Los recuerdos atormentaban su mente hiriendo aún más el espíritu, destrozado por el amargo final, oculto en la oscuridad y hundido sin la llama de la alegría, castigado por el látigo de la incertidumbre, que azotaba el corazón, abriéndole llagas de amargura, aplastado por la gran piedra de la mentira que iba derribando cuantas ilusiones se levantaban.
Lentamente, enumeraba opciones a las que podría optar nada más cruzar la estrecha lengua de gato, aquella que formaba el mar para separar dos formas de vida tan dispares, diferentes y a la vez tan cercanos, que era inconcebible asegurar que pertenecían al mismo mundo.
Le parecía increíble que en esa pequeña distancia que separaba una orilla de la otra, se abriera semejante abismo, otorgando a cada grano de arena de distintas playas, un valor irreal y despreciable, convirtiendo la diversidad de la gente, en especie con signos de calidad, por el mero hecho de haber nacido en distintos lados del mar.
Confrontaba un rostro marchito quemado por el sol desértico, con los semblantes resplandecientes y radiantes, que dibujaban el límite del paraíso, dándose cuenta de la injusta existencia a la que estaba condenado por nacimiento.
Contrastaba la diferente luz que irradiaban de sus miradas con la suya que iba apagándose. Y se lamentaba del infortunio entre gimoteos, sollozos cansinos, sin esperanza real de verse a salvo de aquella situación. Prácticamente, ni podía permitirse el lujo de hacer aparecer los escasos sentimientos que aún conservaba para llorar.

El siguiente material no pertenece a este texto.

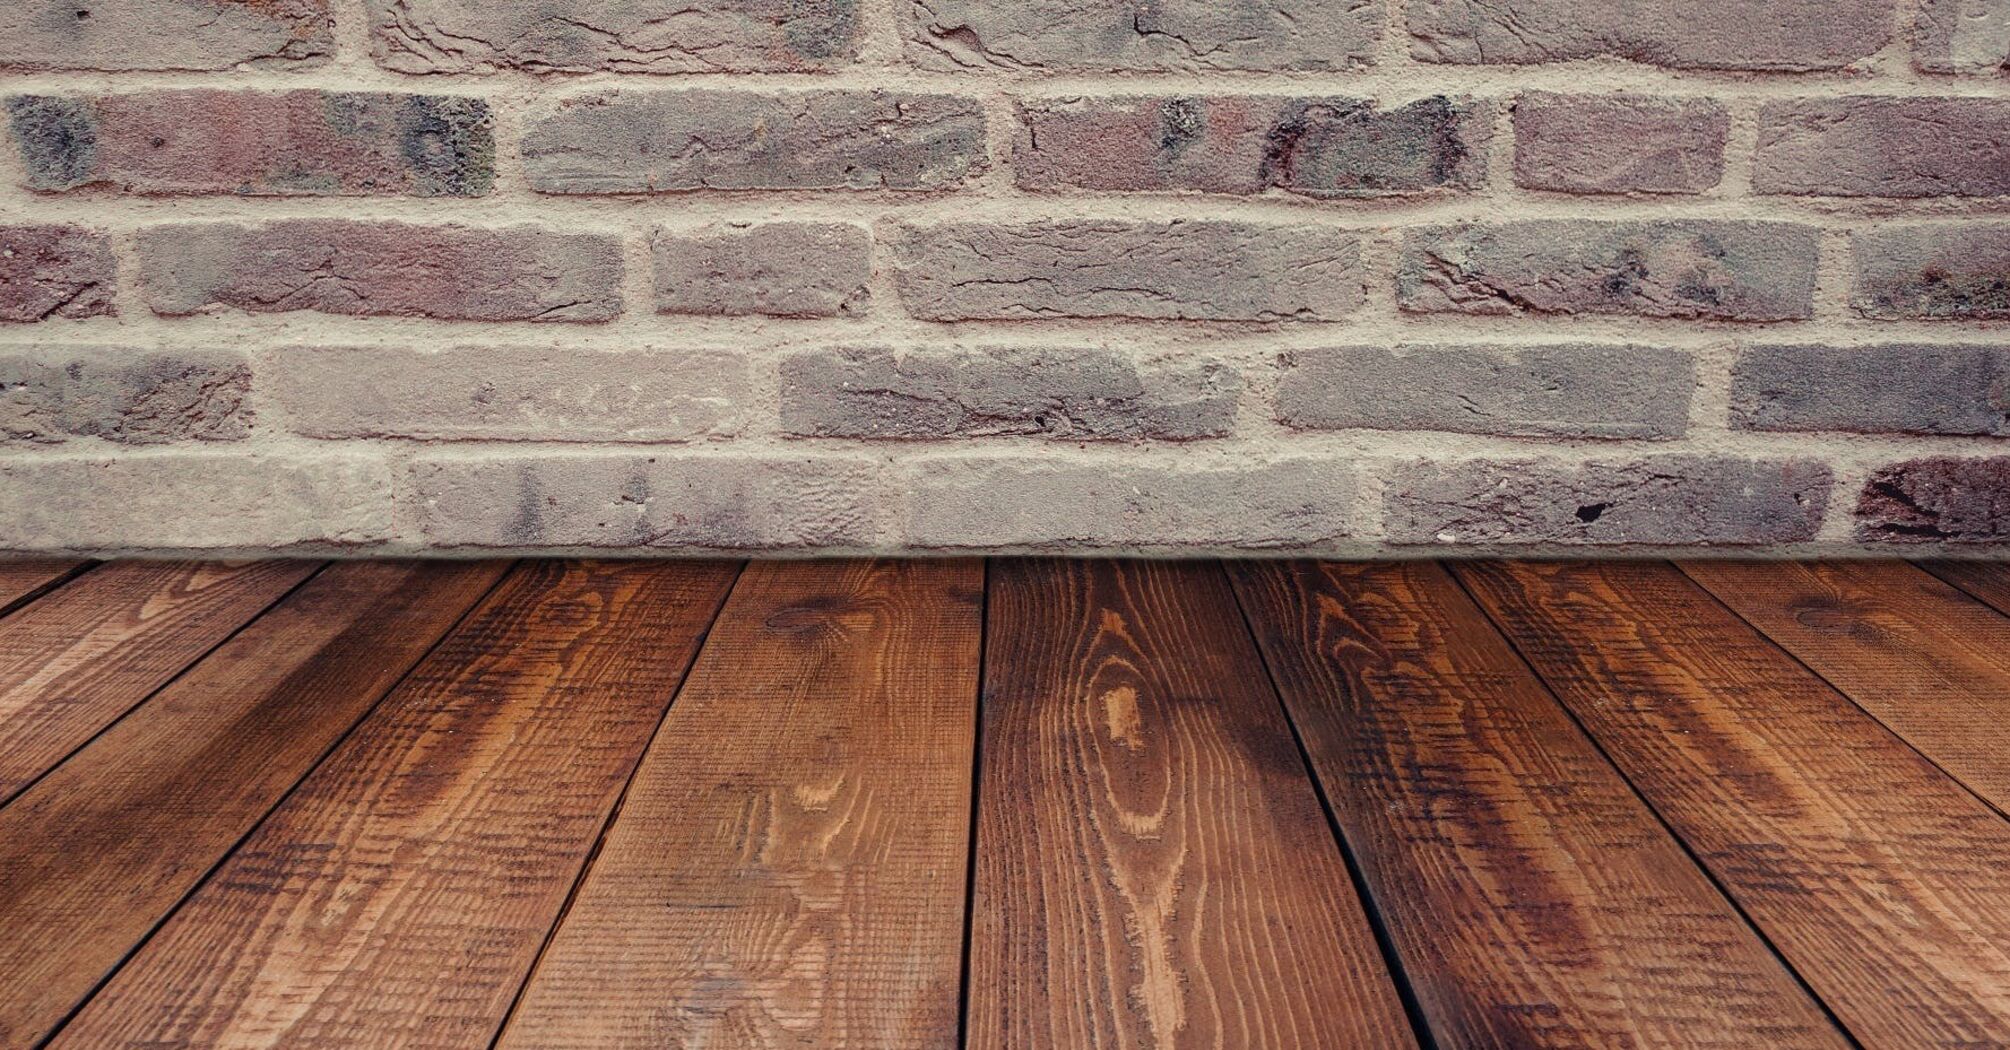 Ensuring longevity and preserving the beauty of wooden floors

En una leve sensación de lucidez, aparecida tras verse entre los primeros rayos solares, que incidían sobre sus facciones; le mostró la realidad, dañando las heridas, tanto físicas como sensoriales.
Pero Ahmed, odiaba la cruda existencia a la que se veía sometido, e introduciéndose en la fantasía, intentaba doblegar la capacidad para discernir sobre todo lo ocurrido y se imaginaba la dulce cara de Yamila.
Sin discernir claramente la invención de la realidad, vio asomar como aparecidos de la nada, varias personas acercándose desde un plano superior al suyo con una amable sonrisa y voces calmadas, interesándose por él. Le auxiliaron, y su cuerpo tendido por fin se sintió seguro.